Some people have trained their dog to:
~ roll them onto their side to make breathing easier
~ go to someone in the house with a trained action to bring person back
~ push a 9-1-1 button mounted on wall (only good if you happen to be in the home)
~ push a Life Alert (or other brand) button that the handler has on person. (I don't know how far the distance is for these to work.)

After the dog does whatever task it needs to do it can then be trained to lay down next to the handler. If the handler doesn't respond then the dog would be doing what it was trained to do - lay down vrs. getting frantic and possibly injuring the handler. 

If you ever get to the point where your dog is pushing a button to summon help you also need to work with your dog to allow strangers into your home.
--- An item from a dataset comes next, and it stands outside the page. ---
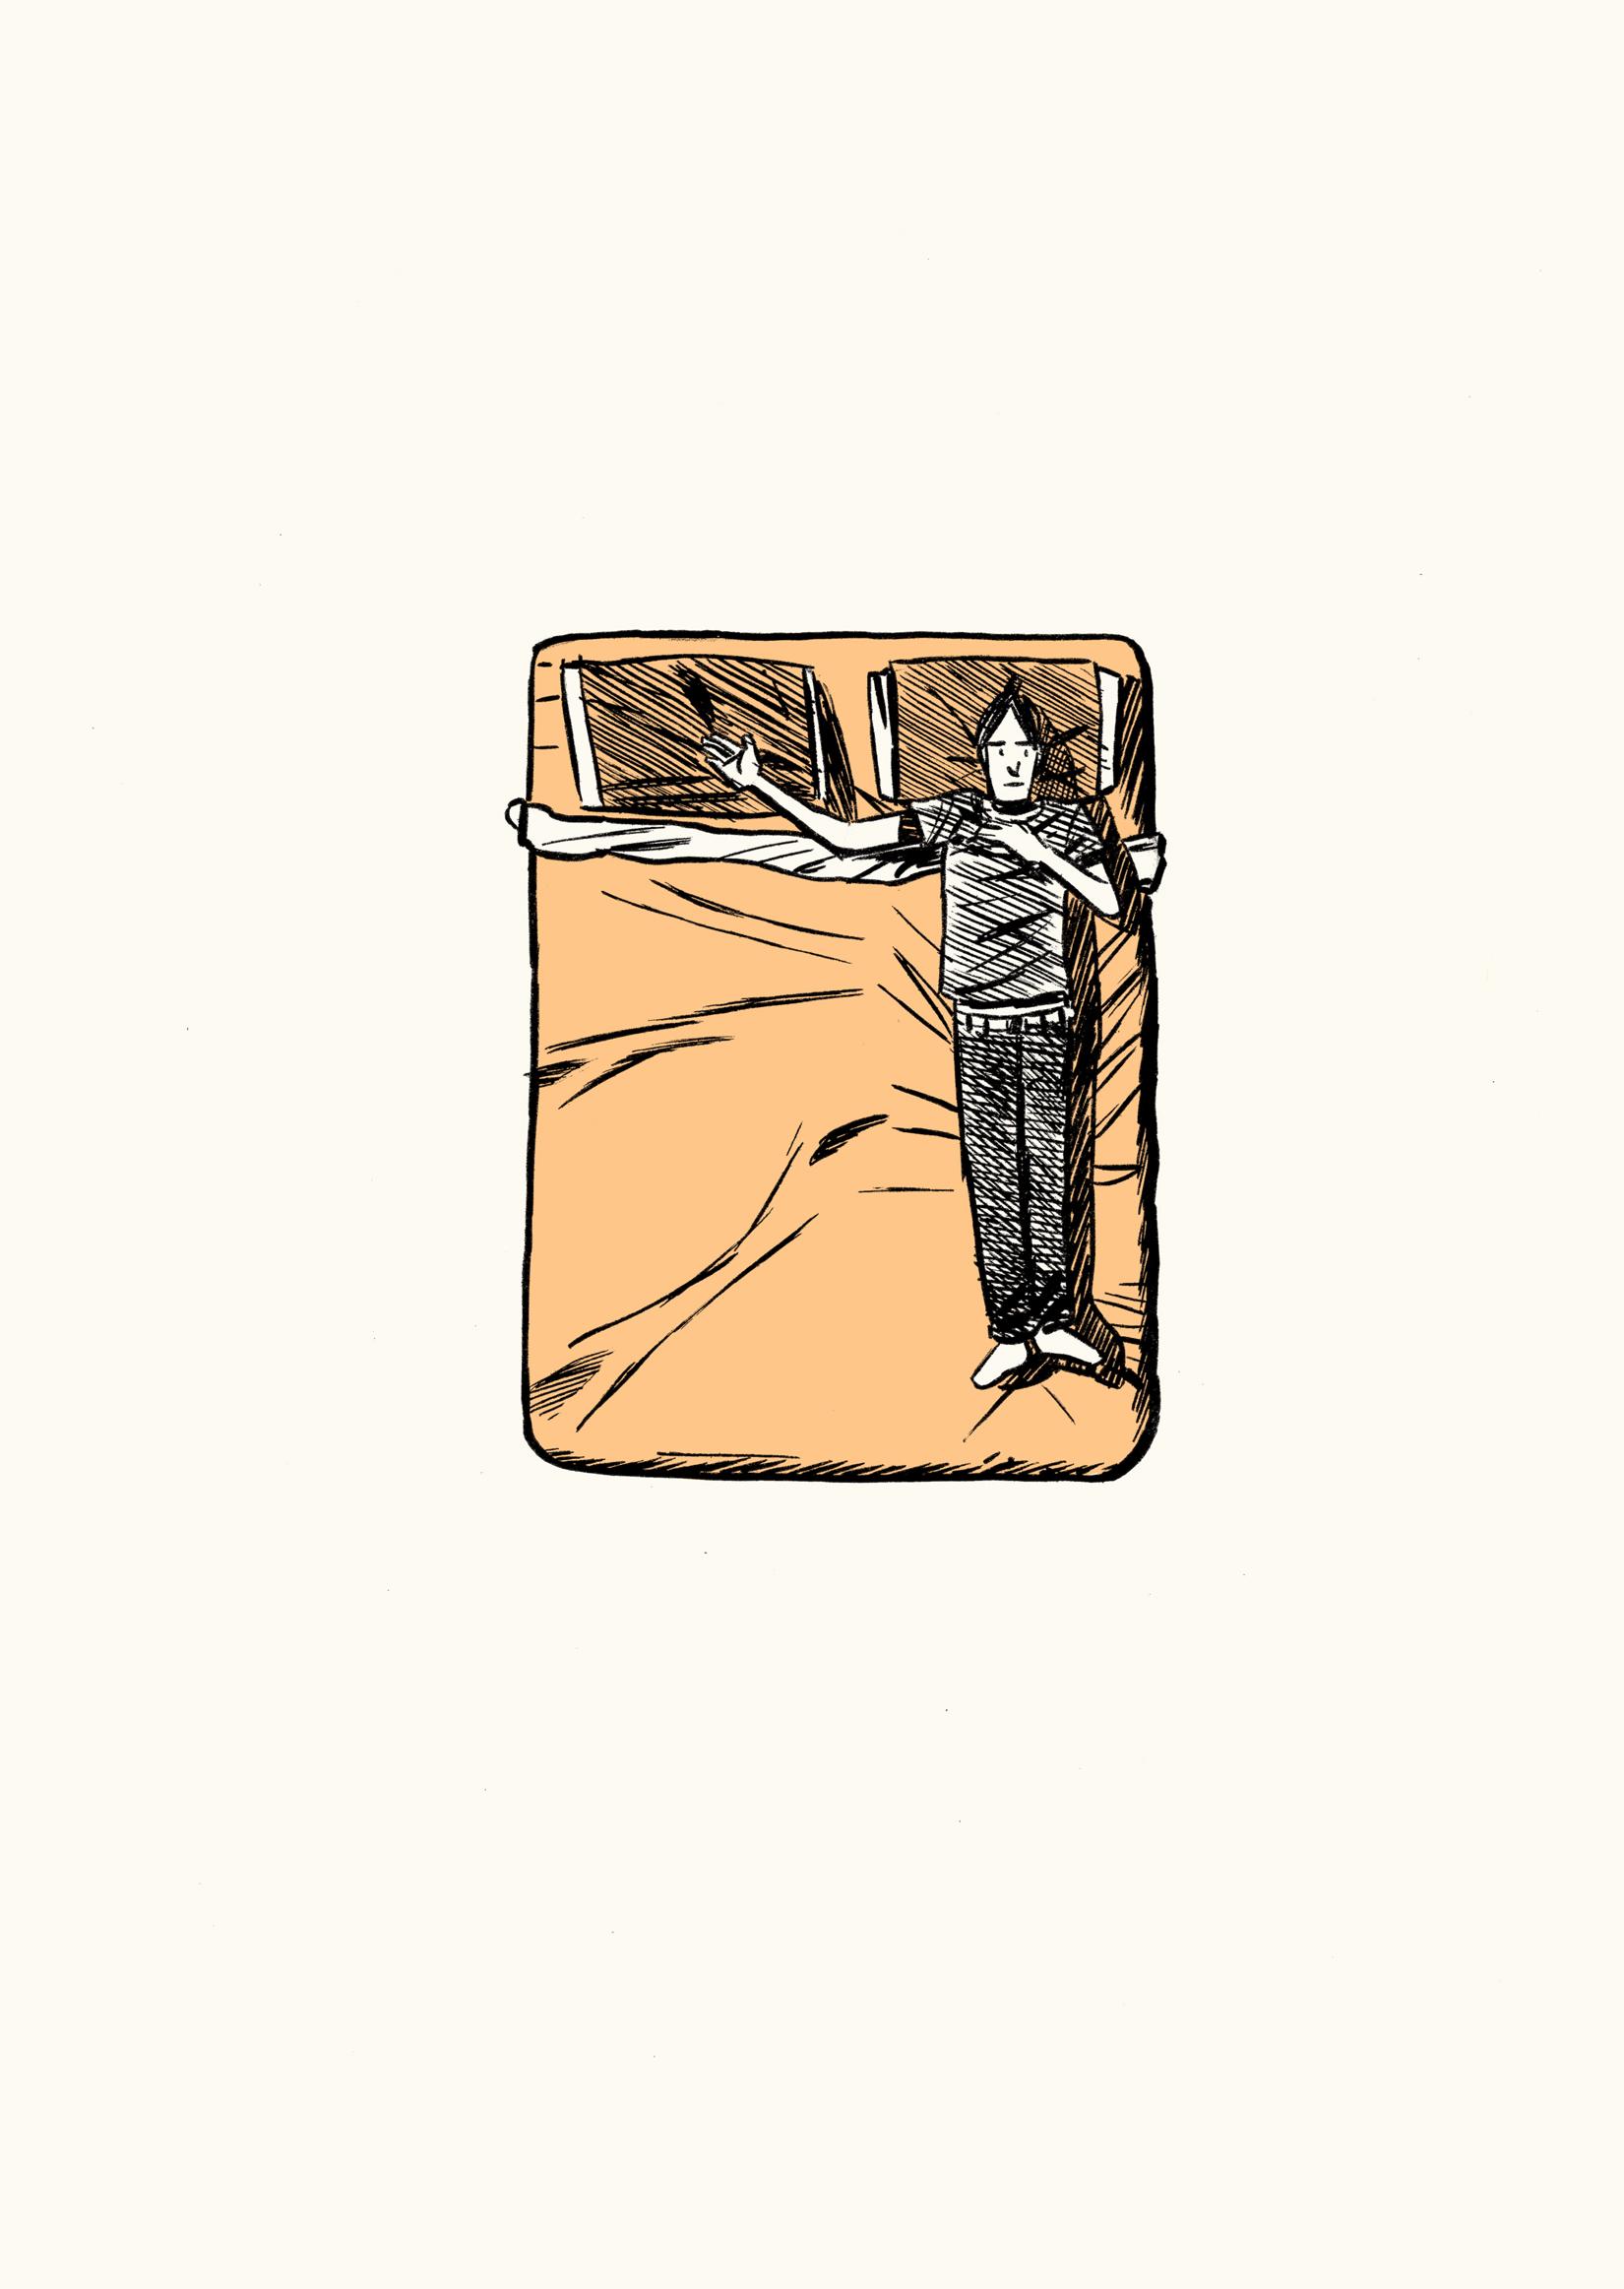 Page 013.jpg

This is of course harder to work on but you can't expect a dog to guard the house *and* allow rescue personnel easy access into your home. 

It is always a good idea for an owner trainer to have access to a trainer with SD training experience to have on call for advice and a couple of hours of time to explain and demonstrate how to work with a dog if needed.


----------



## BeautifulChaos (Aug 15, 2011)

He has the down by my side down pat. This is the position he was in when I woke up with him slapping me with his paw.

I also have trainers available to talk with as I used to work with an organization as one of the trainers. I just won't be able to talk with anyone until next week.

I've started training another behavior, I'm just looking to pick other's minds about how to deter him from the pawing behavior since I'm unconscious when he does it. It would be helpful to have a second person on hand that could redirect him, but I'm home alone most of the time.

I know teaching a different behavior would help to prevent it, but if it occurs again, I don't know how I'd like to handle it.

He hasn't done it again since yesterday, so it could very well be a one time thing. I did redirect the behavior when I regained consciousness, so maybe it stuck....


----------